- **Exercise objective**: Write out word for word the lines from the one holding "CFP - Jewishness" through the end of the data, and only those lines. Pictures stay out.

- **Dataset content**:
++++++++++

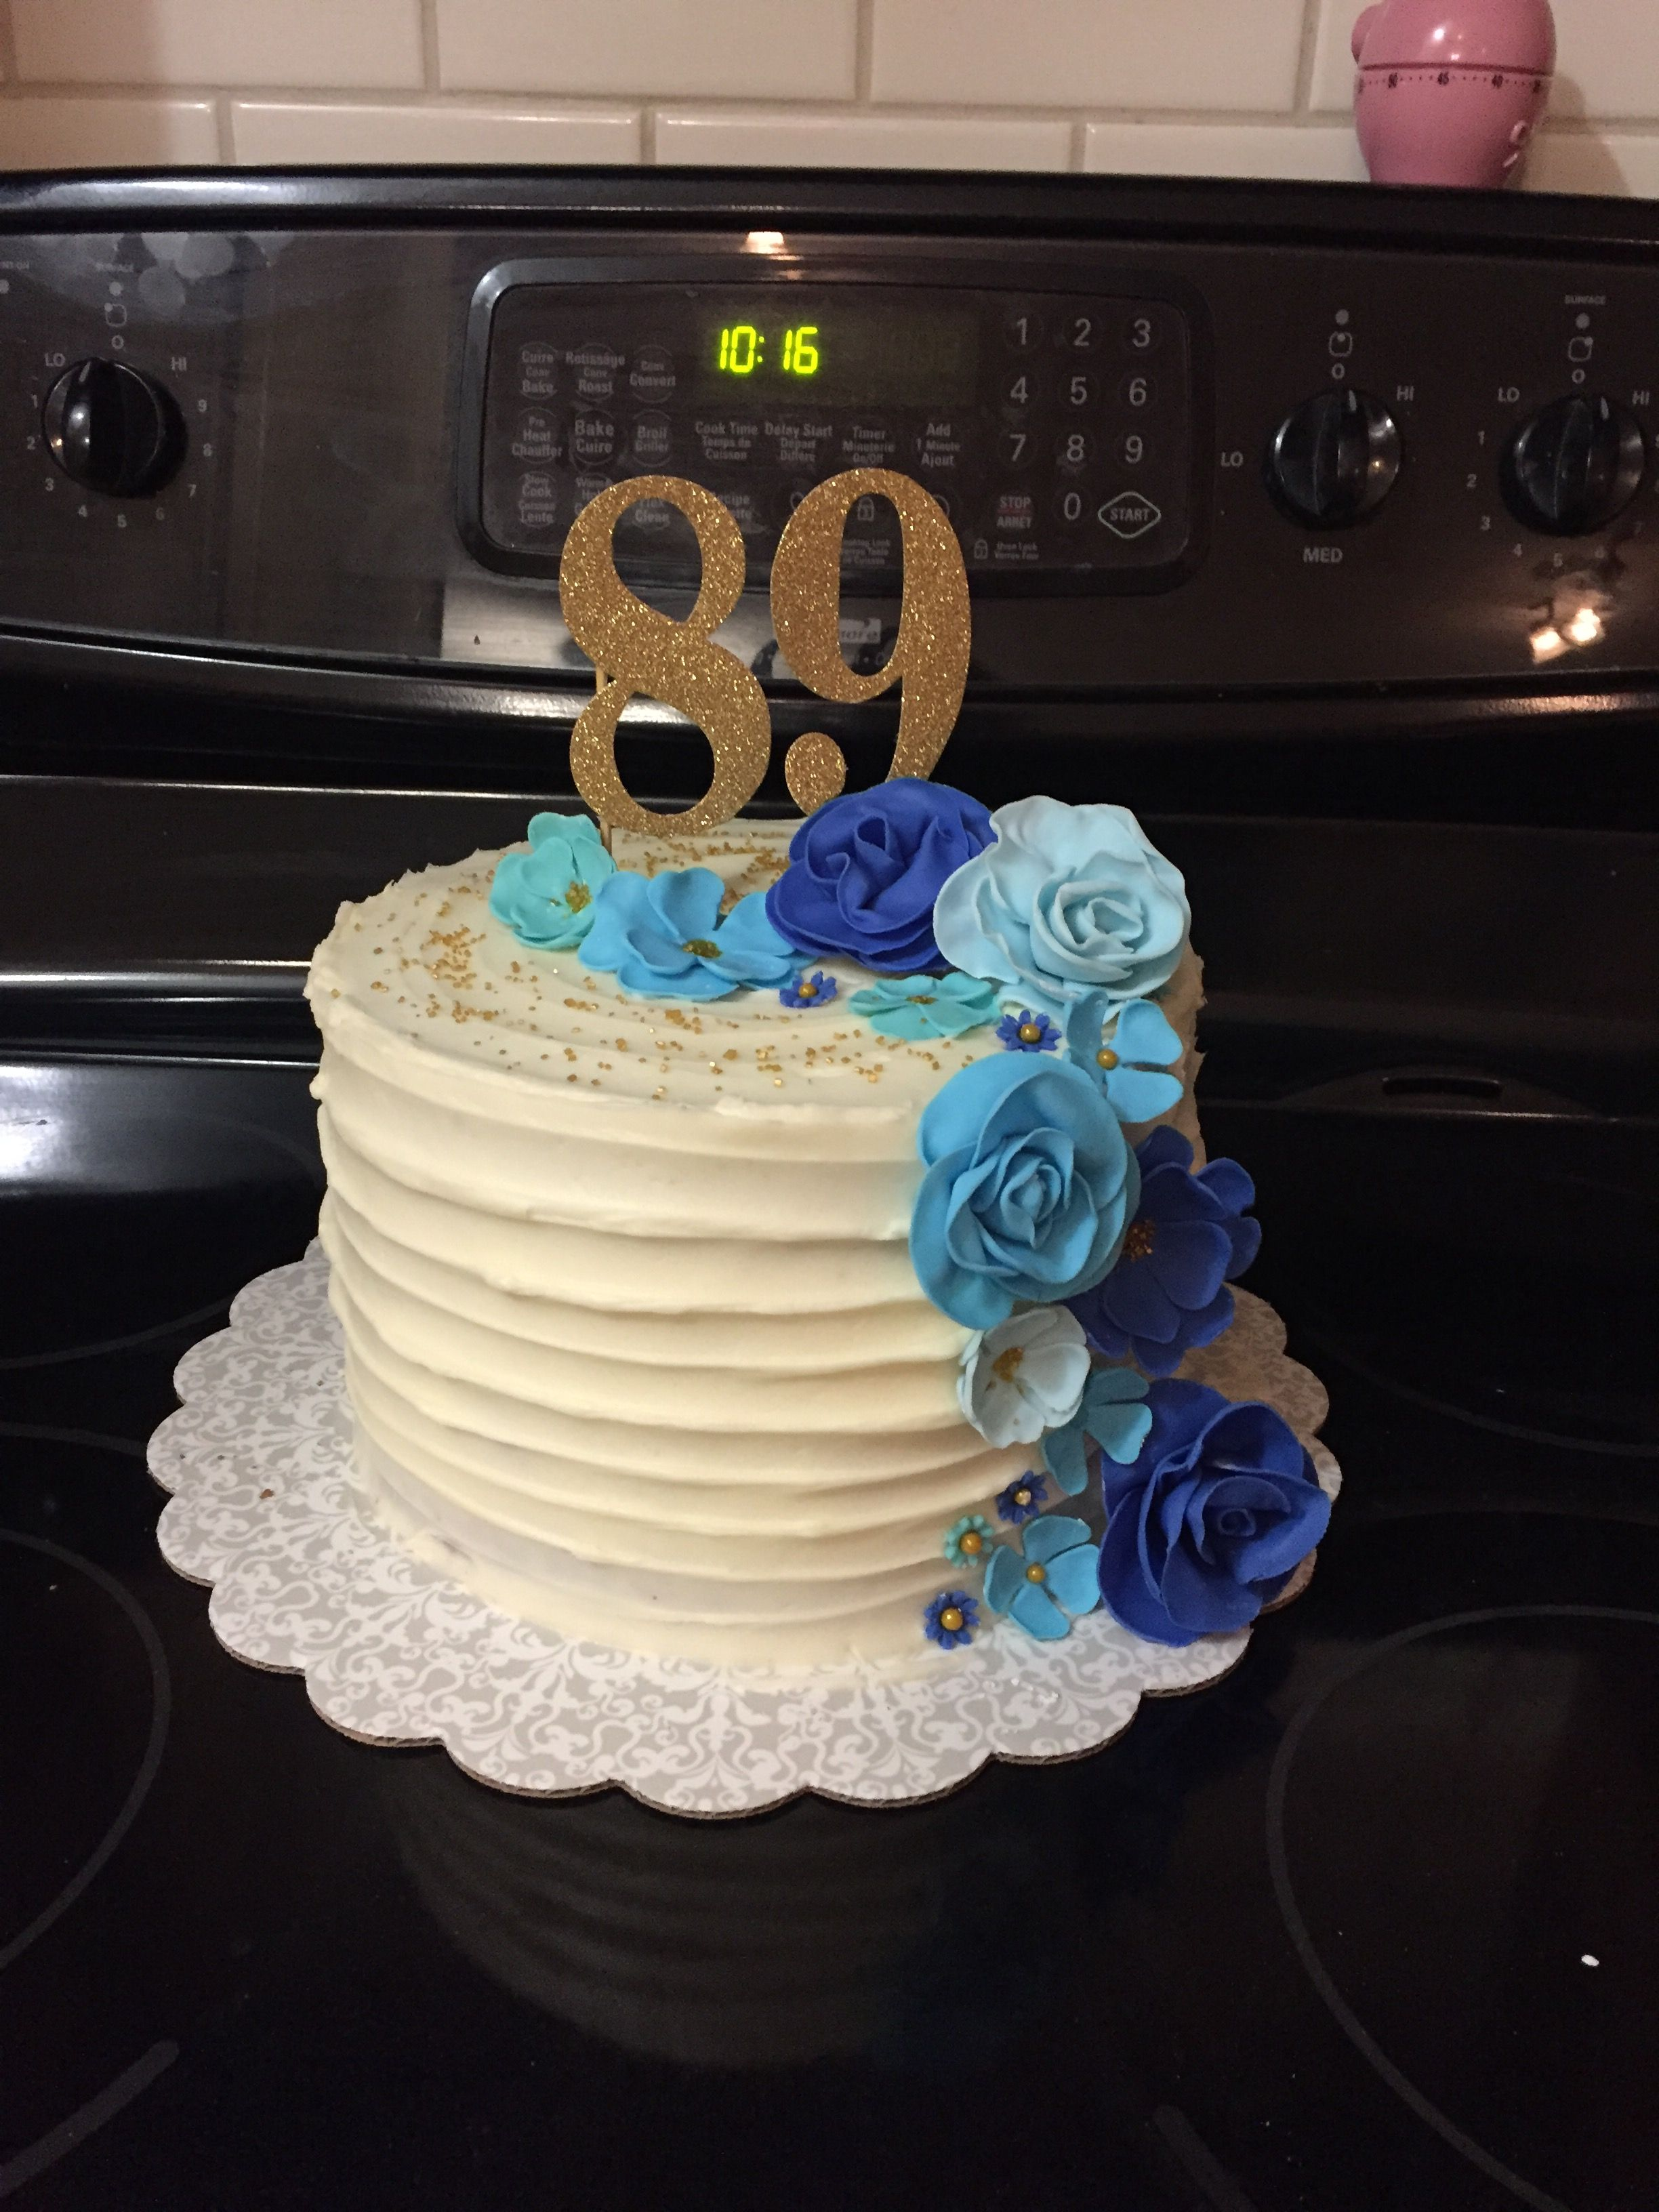 89th Birthday Cake Cakes Pinterest Birthday Cakes Cake And
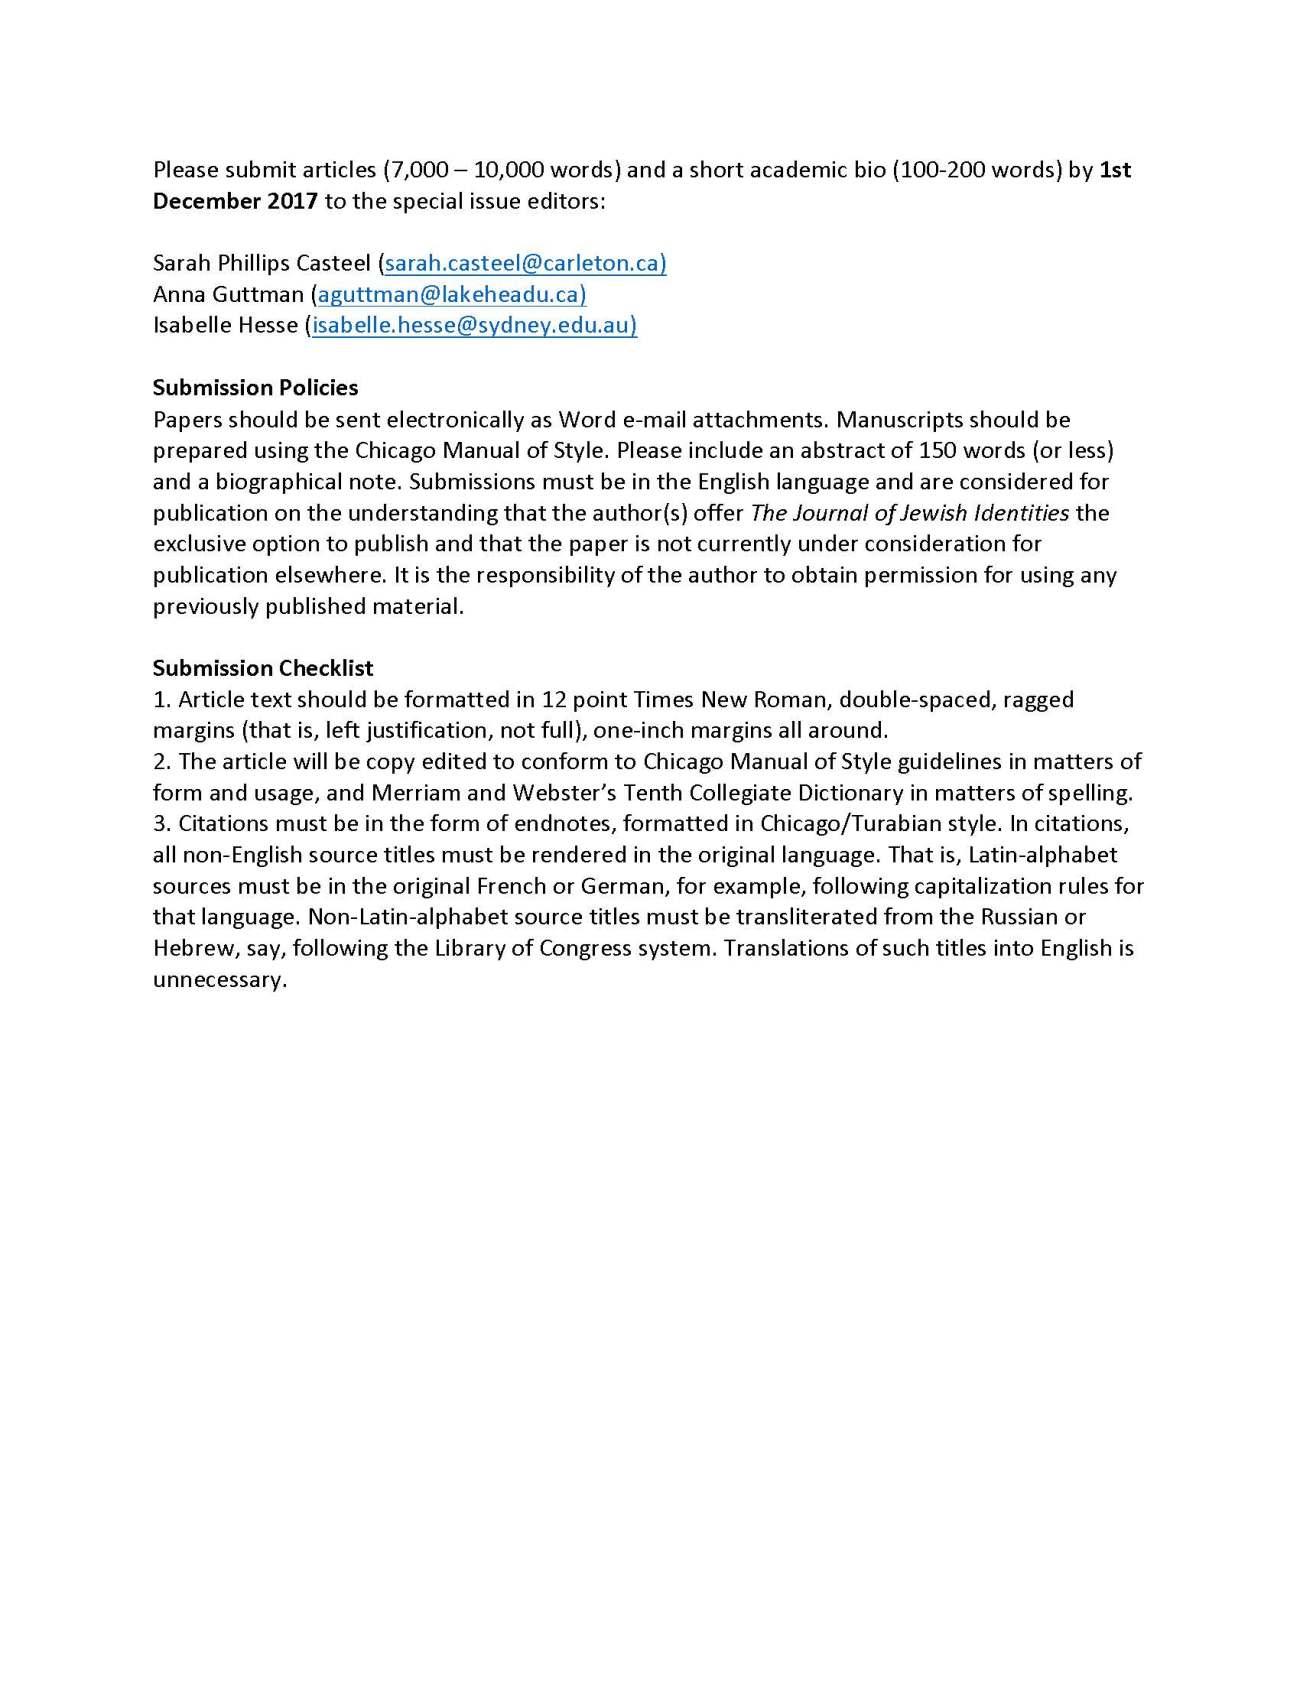 CFP - Jewishness and Postcoloniality_Page_2.jpg
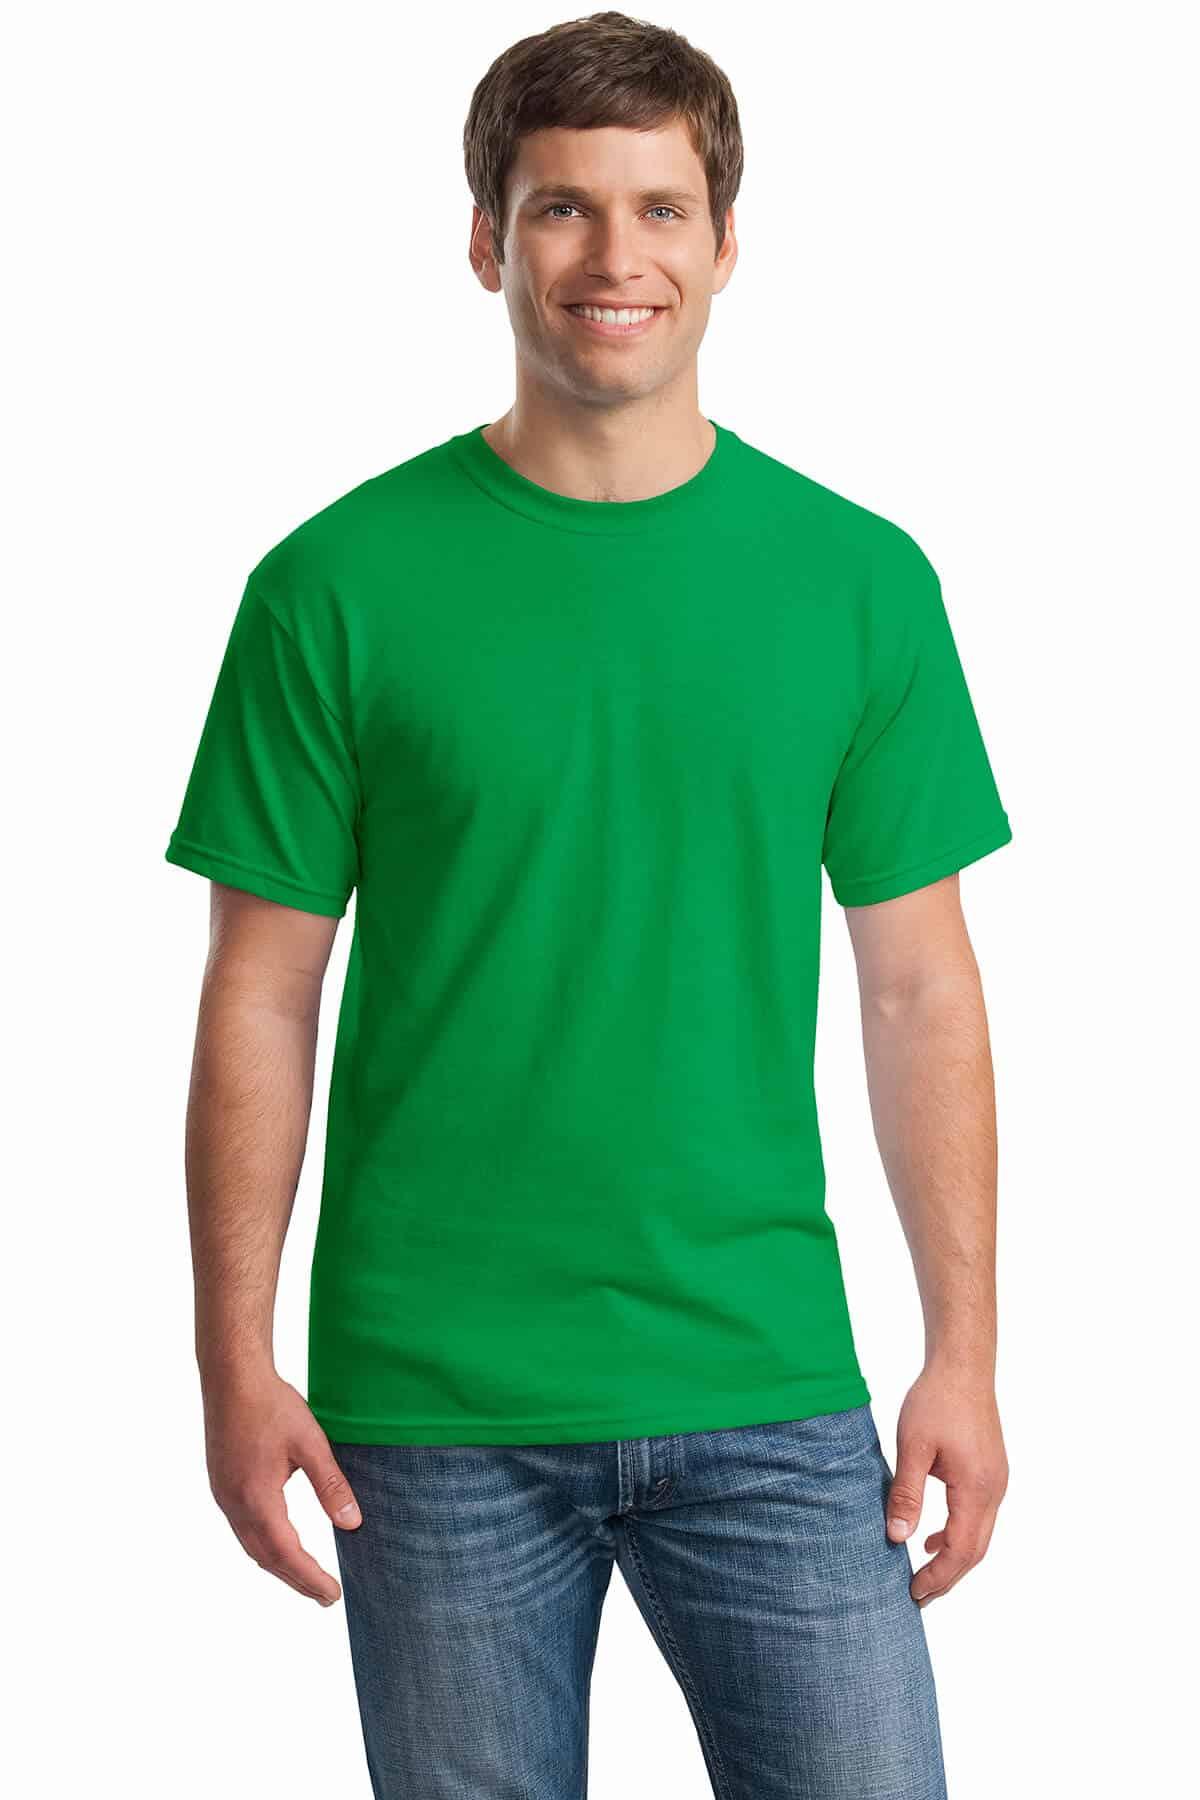 Irish Green Tee Front

++++++++++

- **Solution to this problem**:
 CFP - Jewishness and Postcoloniality_Page_2.jpg
 Irish Green Tee Front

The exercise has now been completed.